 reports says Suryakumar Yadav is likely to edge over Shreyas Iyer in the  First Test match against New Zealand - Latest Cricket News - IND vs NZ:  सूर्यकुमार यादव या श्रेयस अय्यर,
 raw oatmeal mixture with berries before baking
################
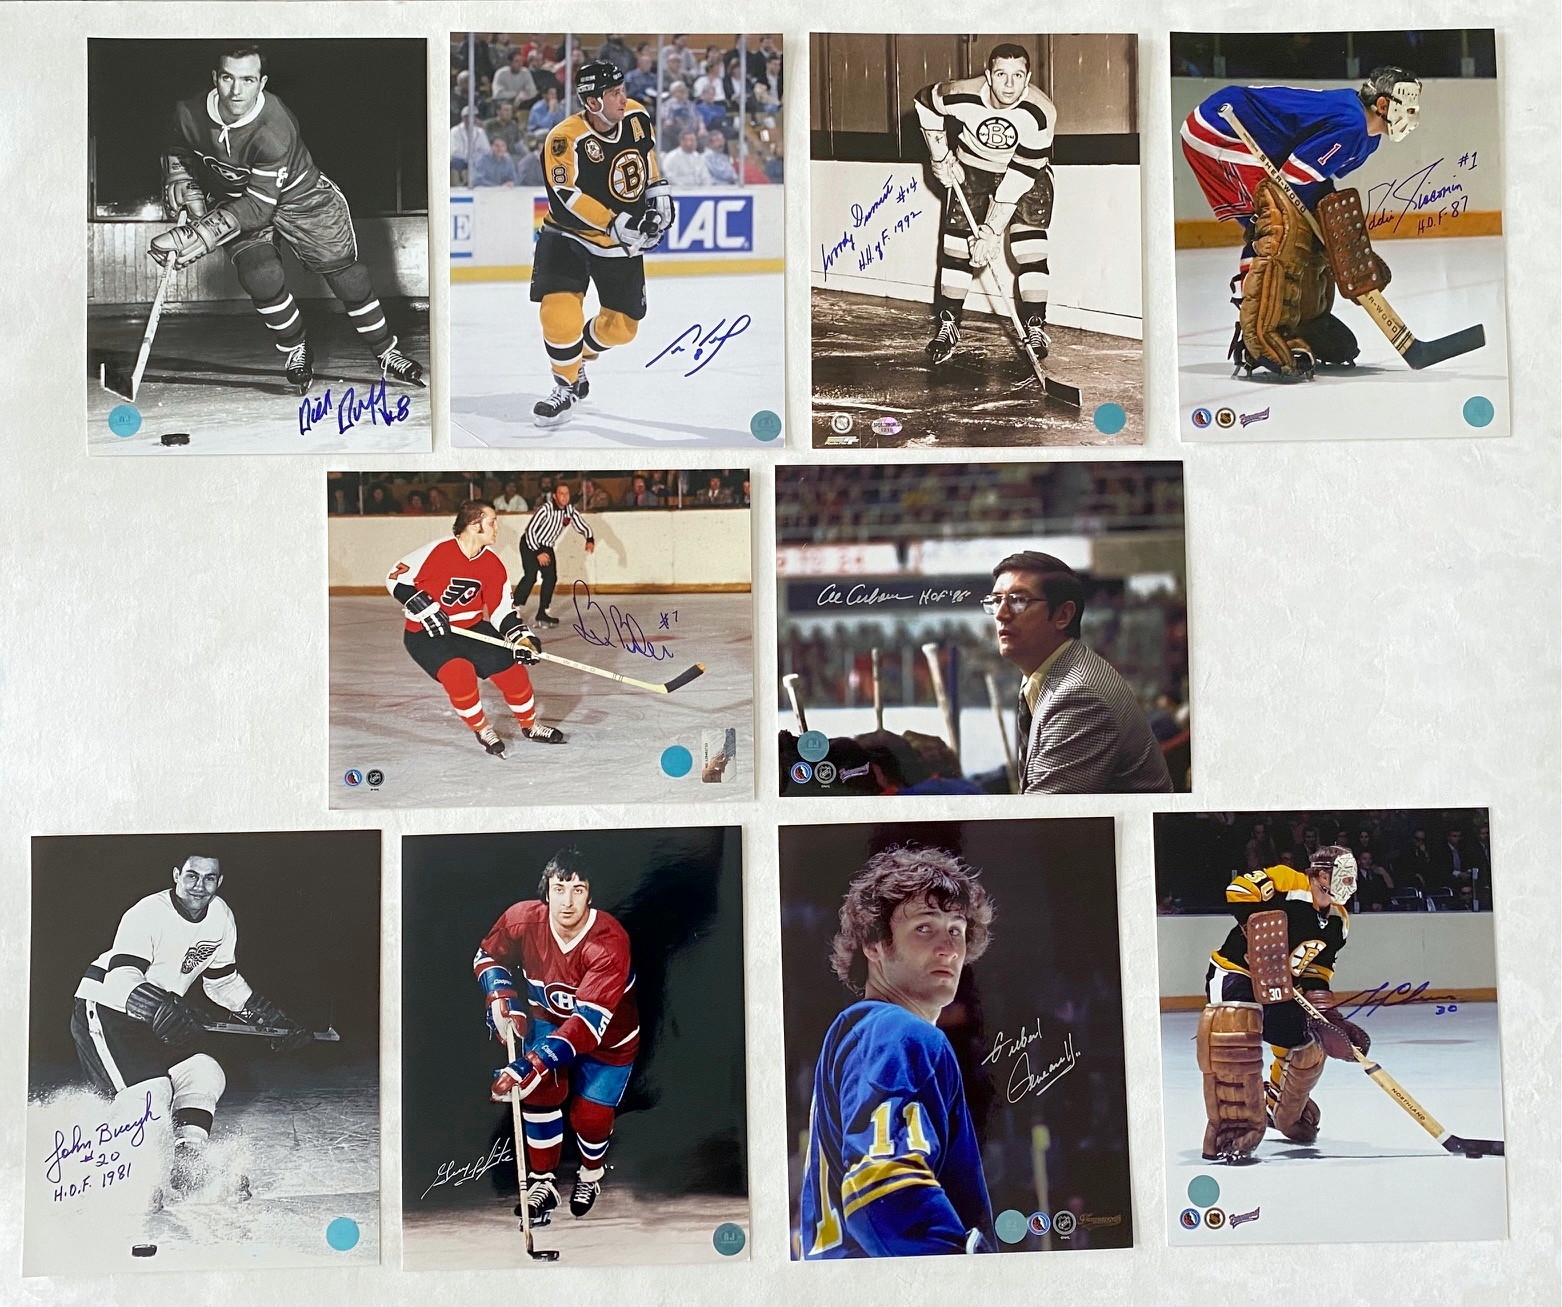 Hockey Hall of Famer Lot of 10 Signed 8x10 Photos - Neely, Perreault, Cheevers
################
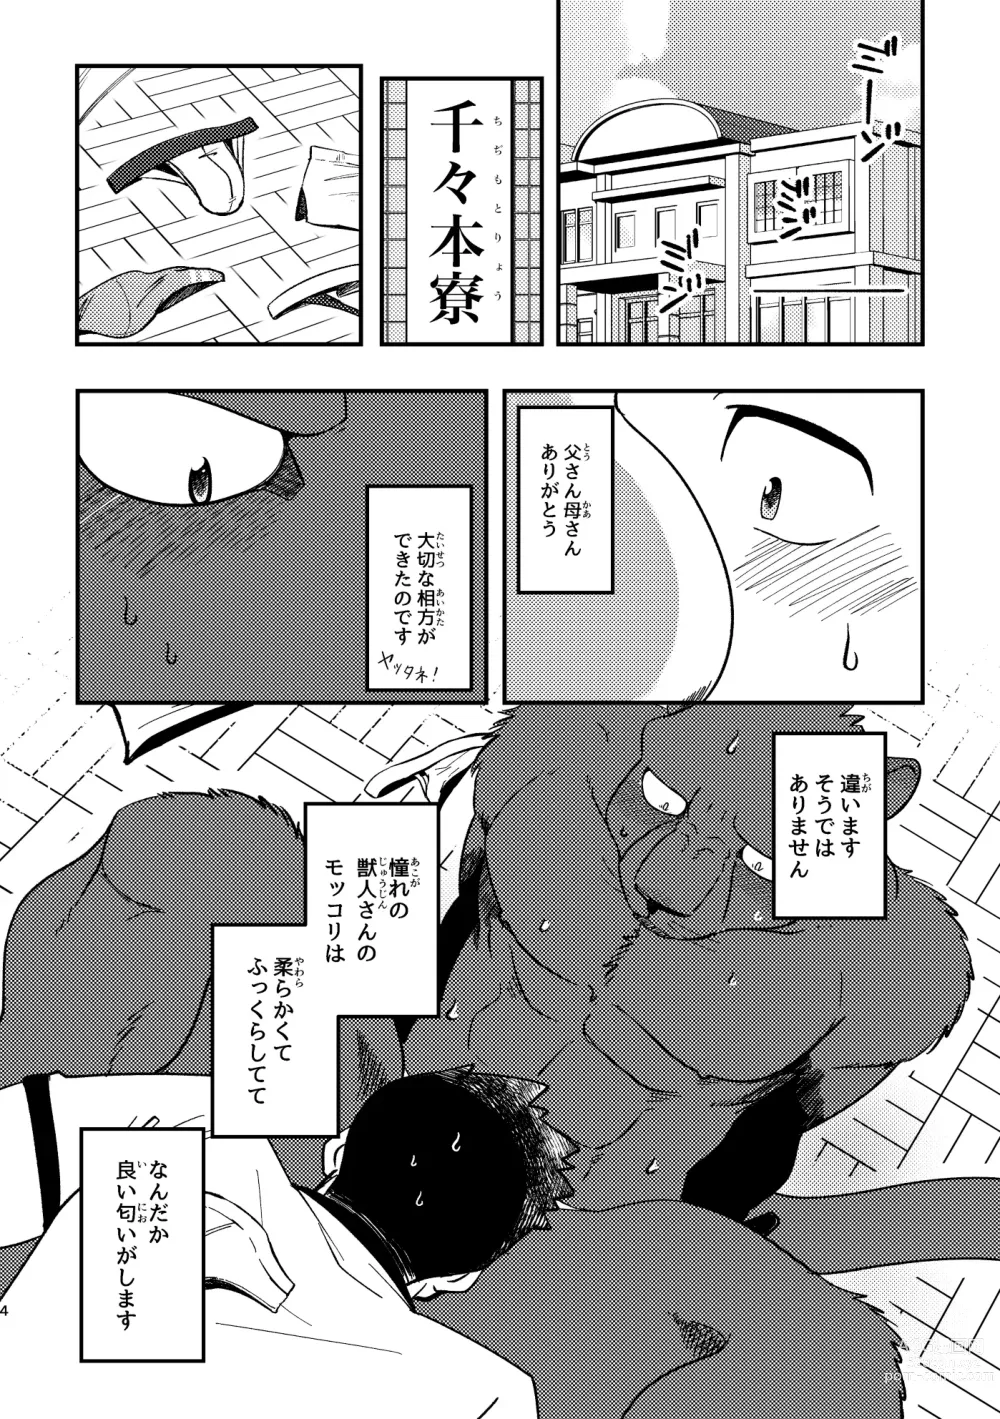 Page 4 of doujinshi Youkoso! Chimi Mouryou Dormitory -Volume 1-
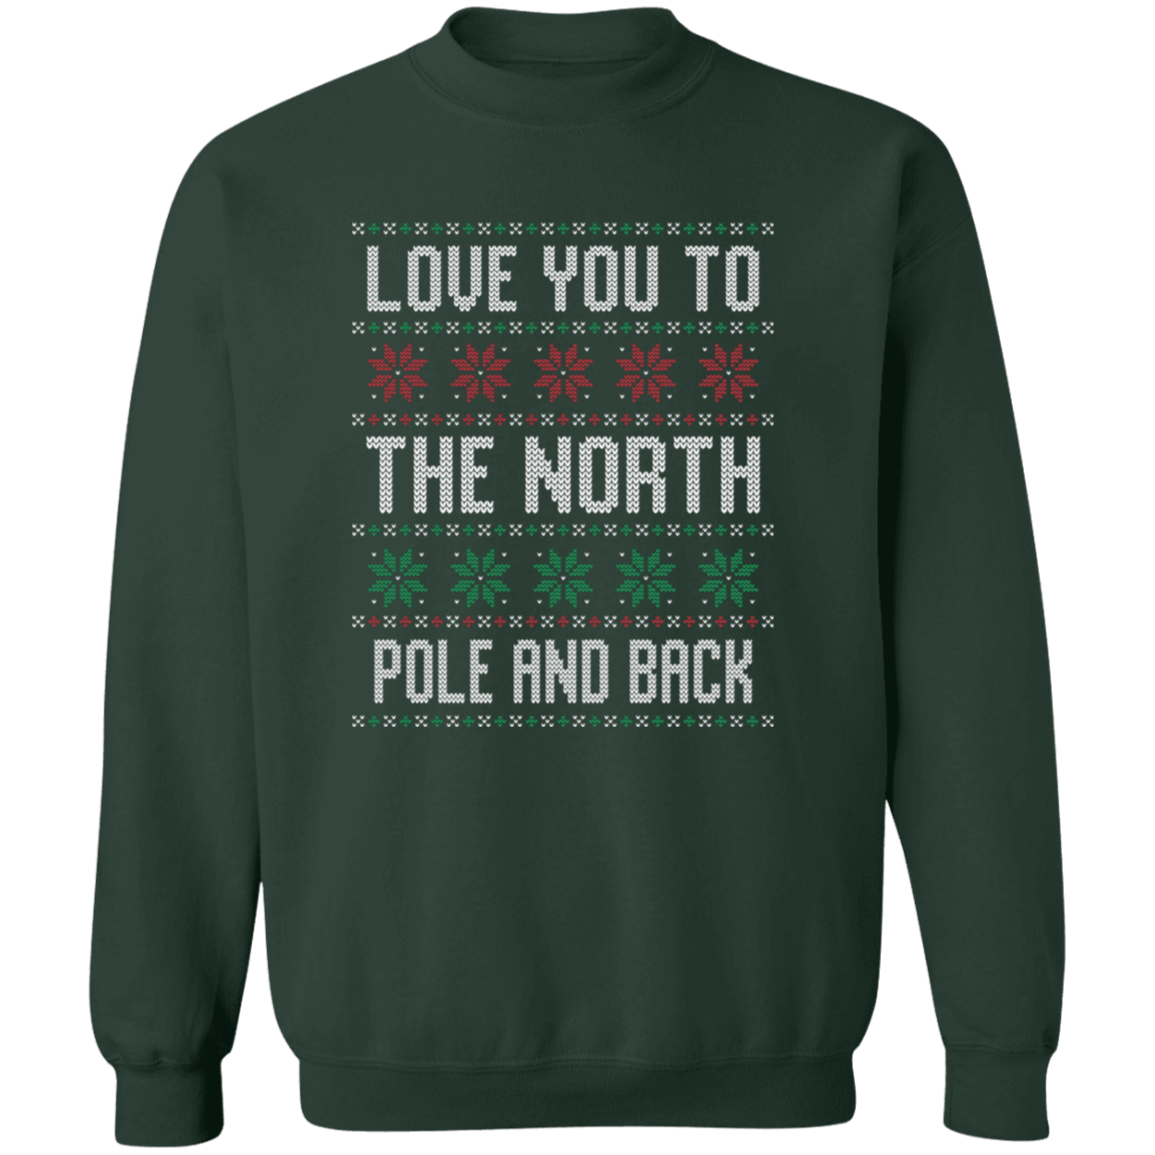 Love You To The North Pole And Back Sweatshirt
################
:: PROBLEM REQUIREMENTS ::
In the data above, retype exactly and only the lines between the one holding "reports says Suryakumar" and the one holding "raw oatmeal mixture", inclusive.

:: YOUR SOLUTION ::
 reports says Suryakumar Yadav is likely to edge over Shreyas Iyer in the  First Test match against New Zealand - Latest Cricket News - IND vs NZ:  सूर्यकुमार यादव या श्रेयस अय्यर,
 raw oatmeal mixture with berries before baking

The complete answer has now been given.